→ **ASSIGNMENT**:
Only the pictures are dropped; the lines of the material that follow are returned exactly.

→ **DATA SEGMENT**:
________________
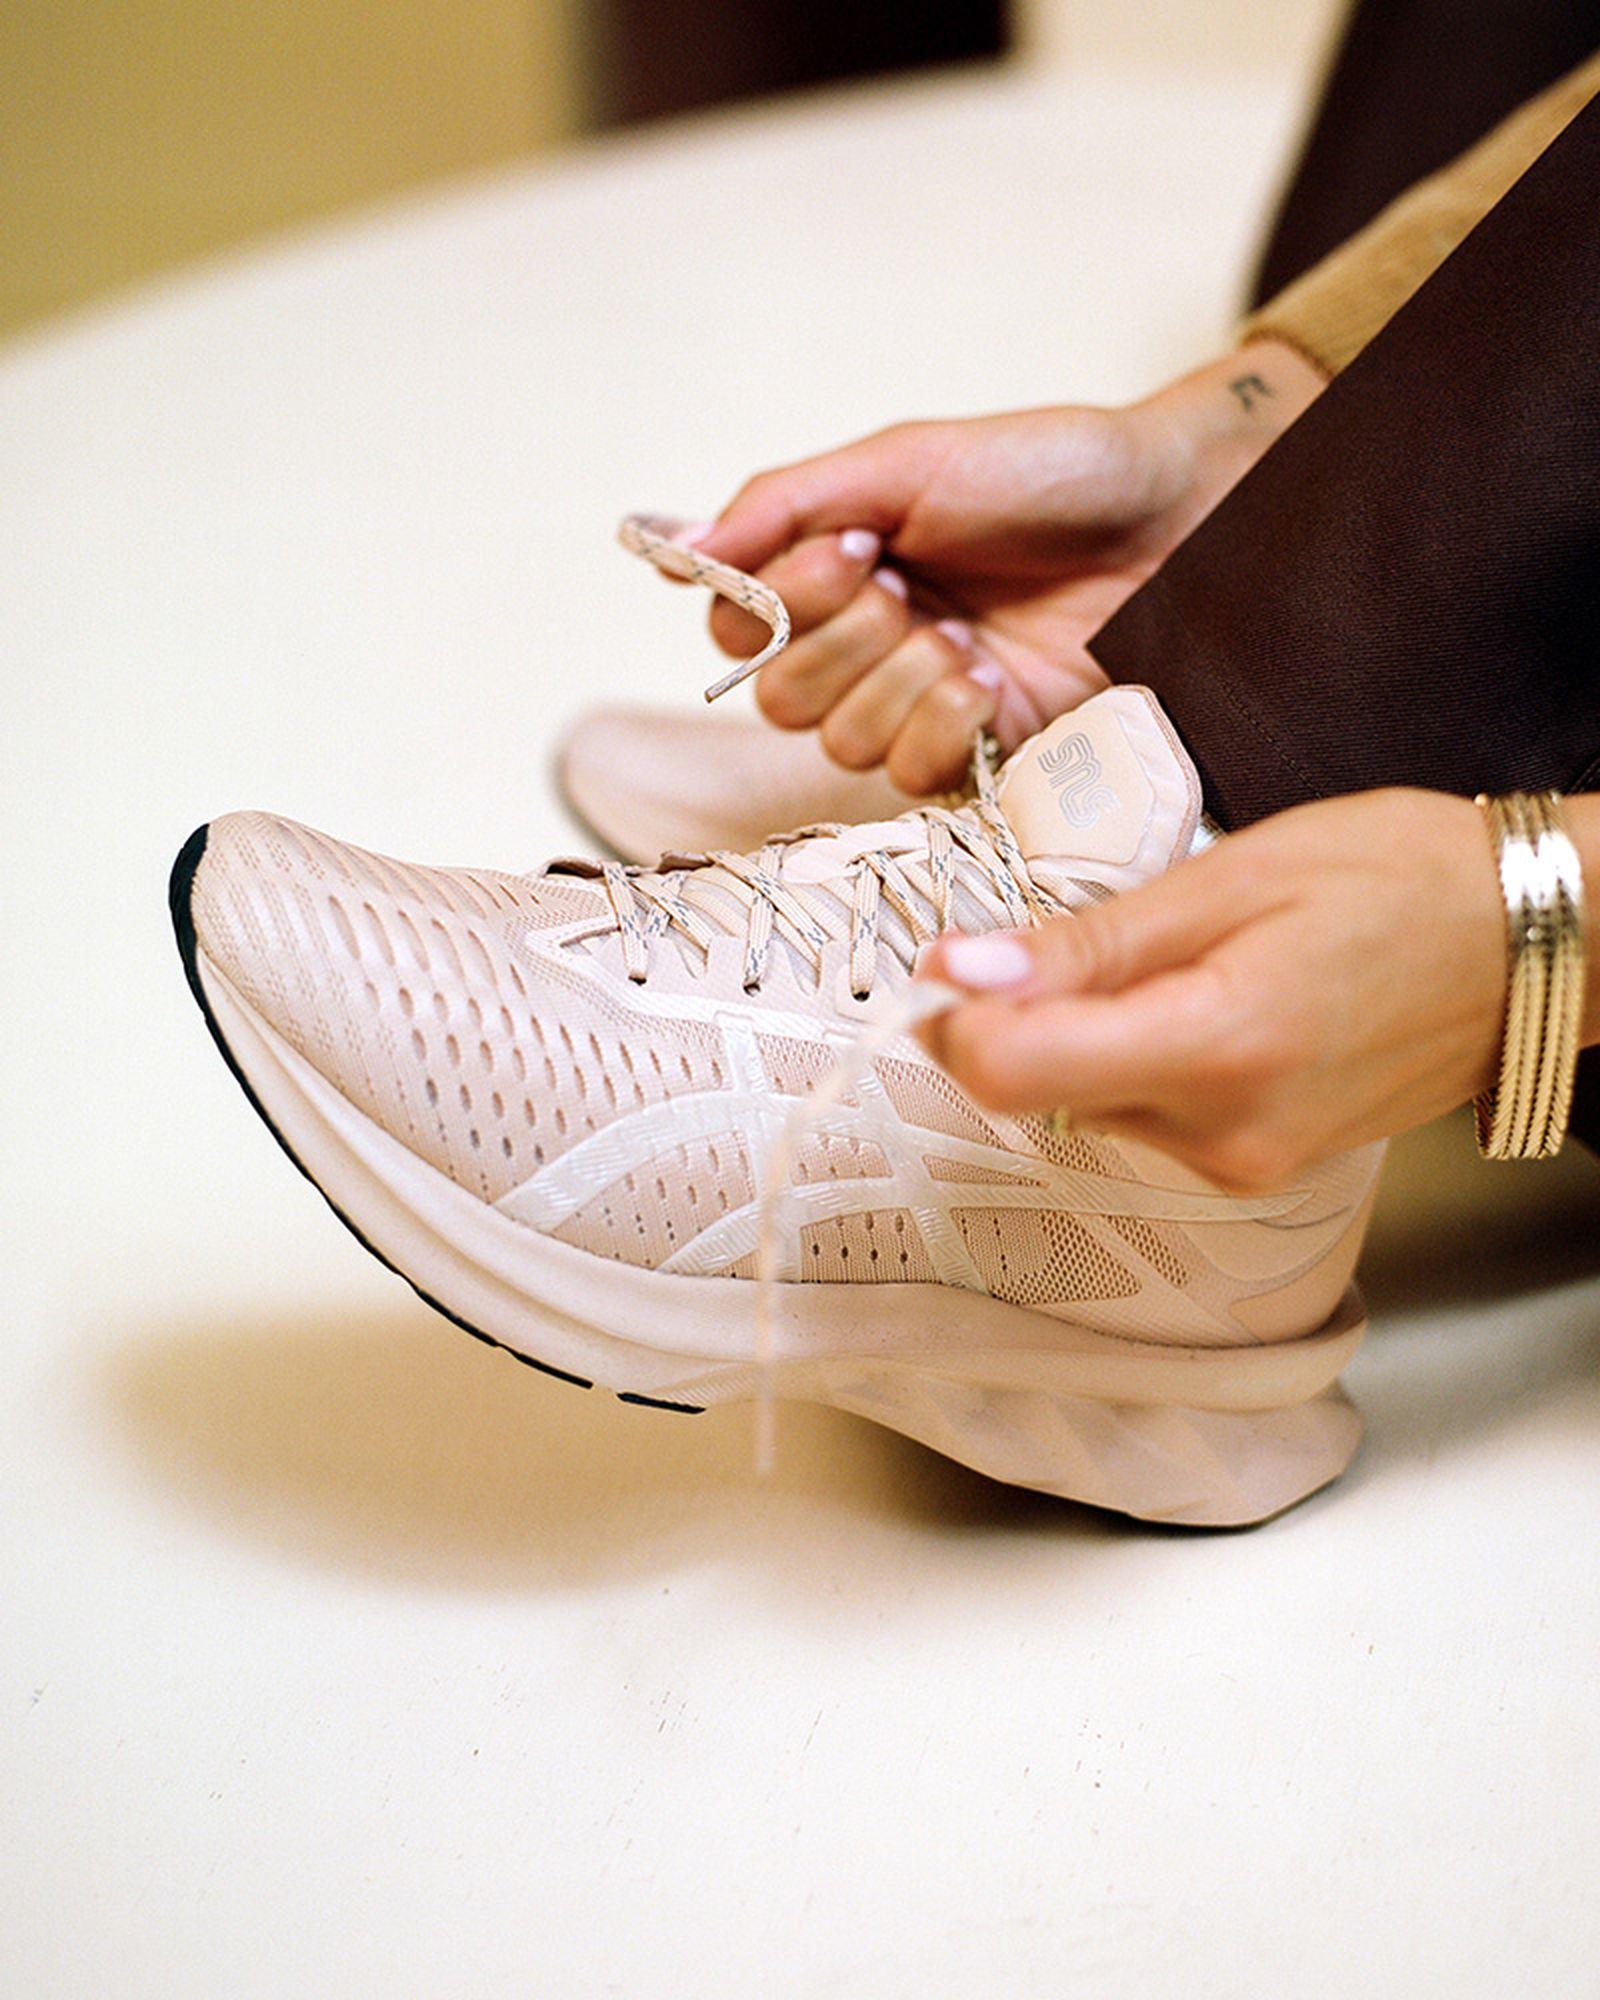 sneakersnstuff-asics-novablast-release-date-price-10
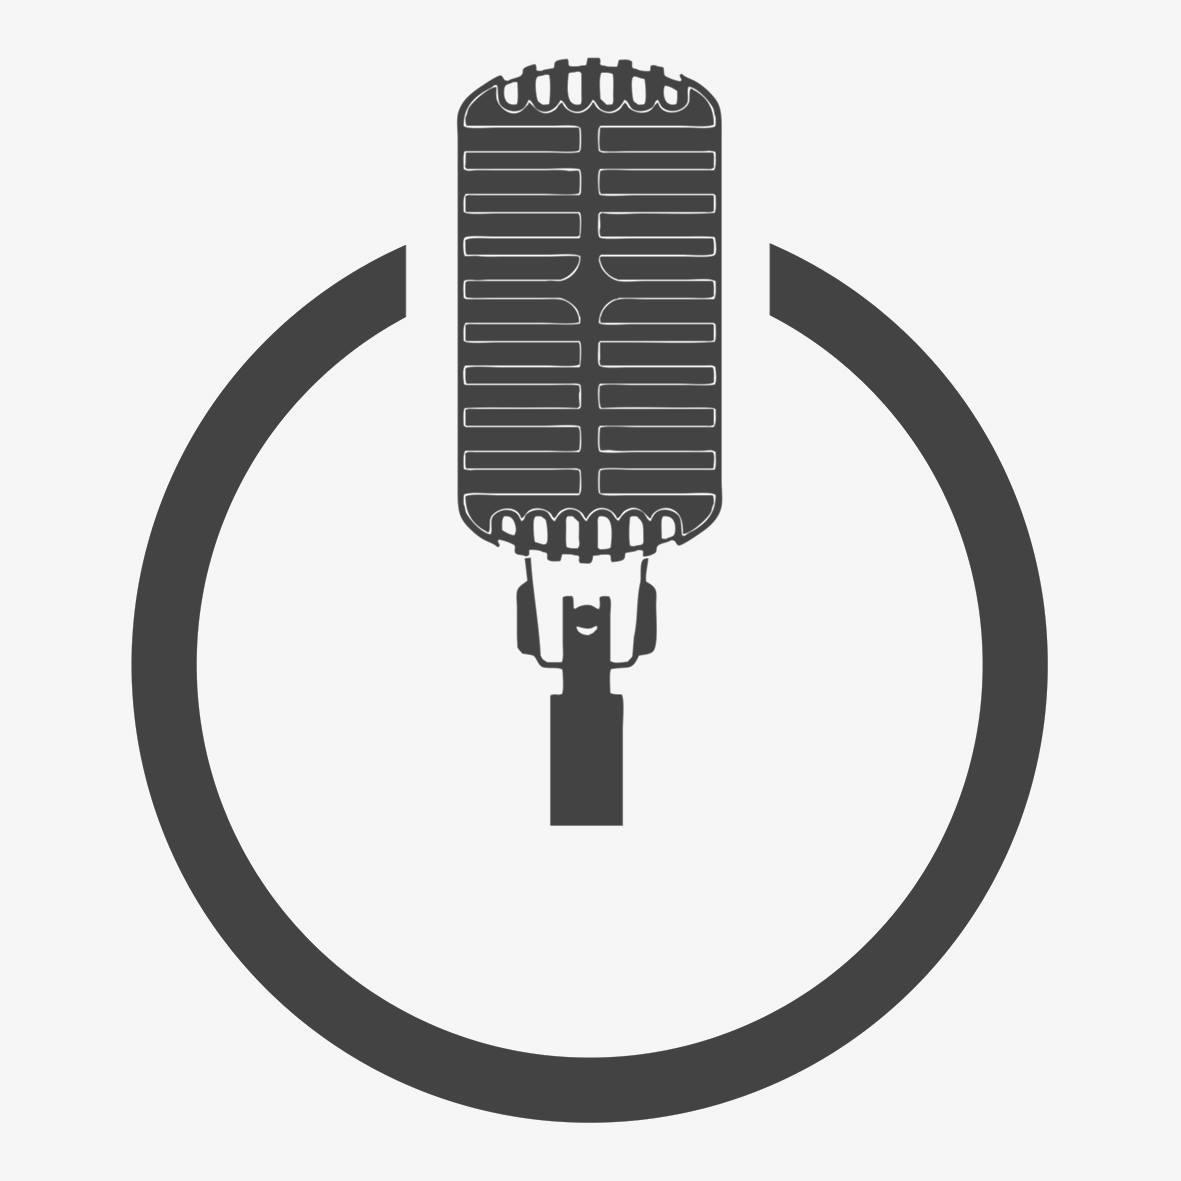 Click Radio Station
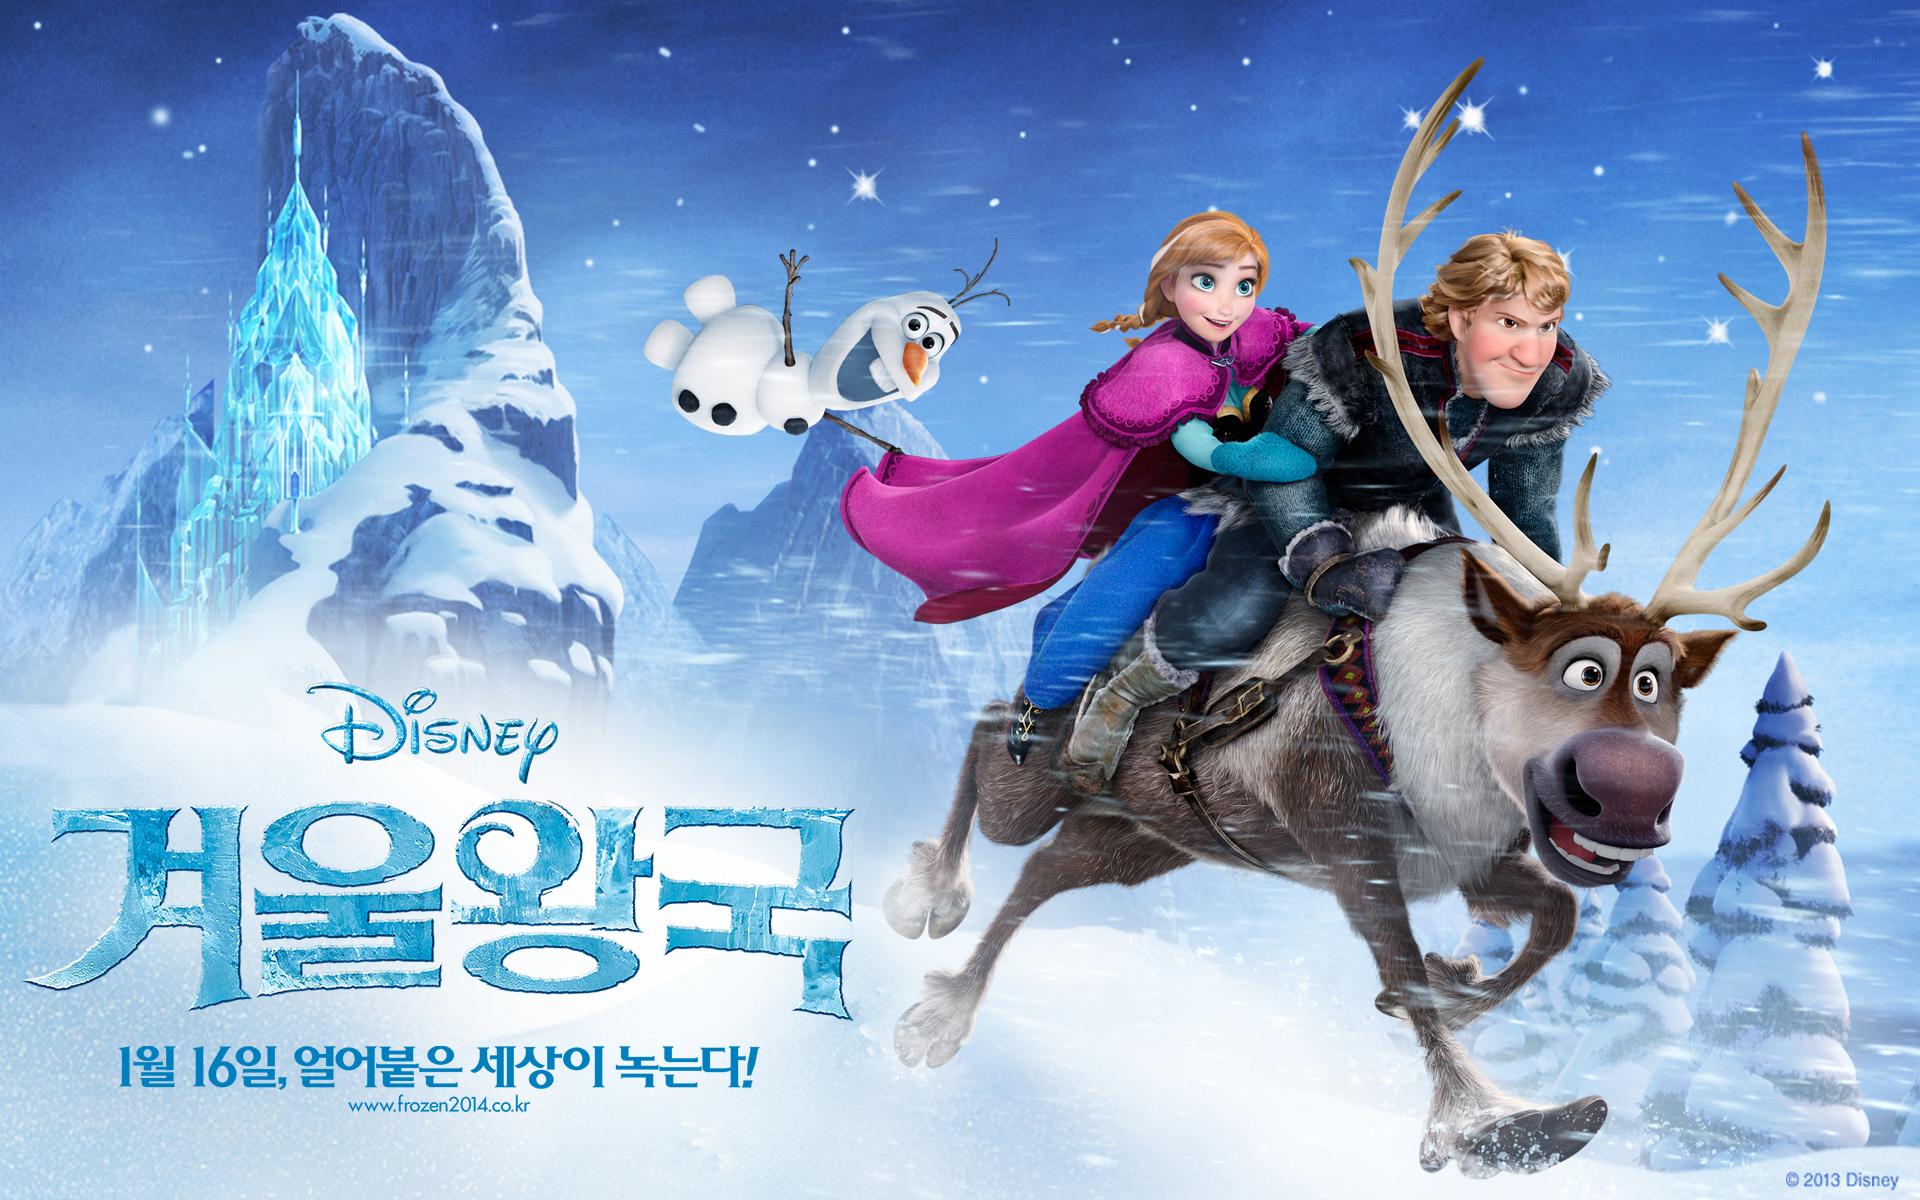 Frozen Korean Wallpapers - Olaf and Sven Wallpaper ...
________________
→ **PROBLEM SOLUTION**:
 sneakersnstuff-asics-novablast-release-date-price-10
 Click Radio Station
 Frozen Korean Wallpapers - Olaf and Sven Wallpaper ...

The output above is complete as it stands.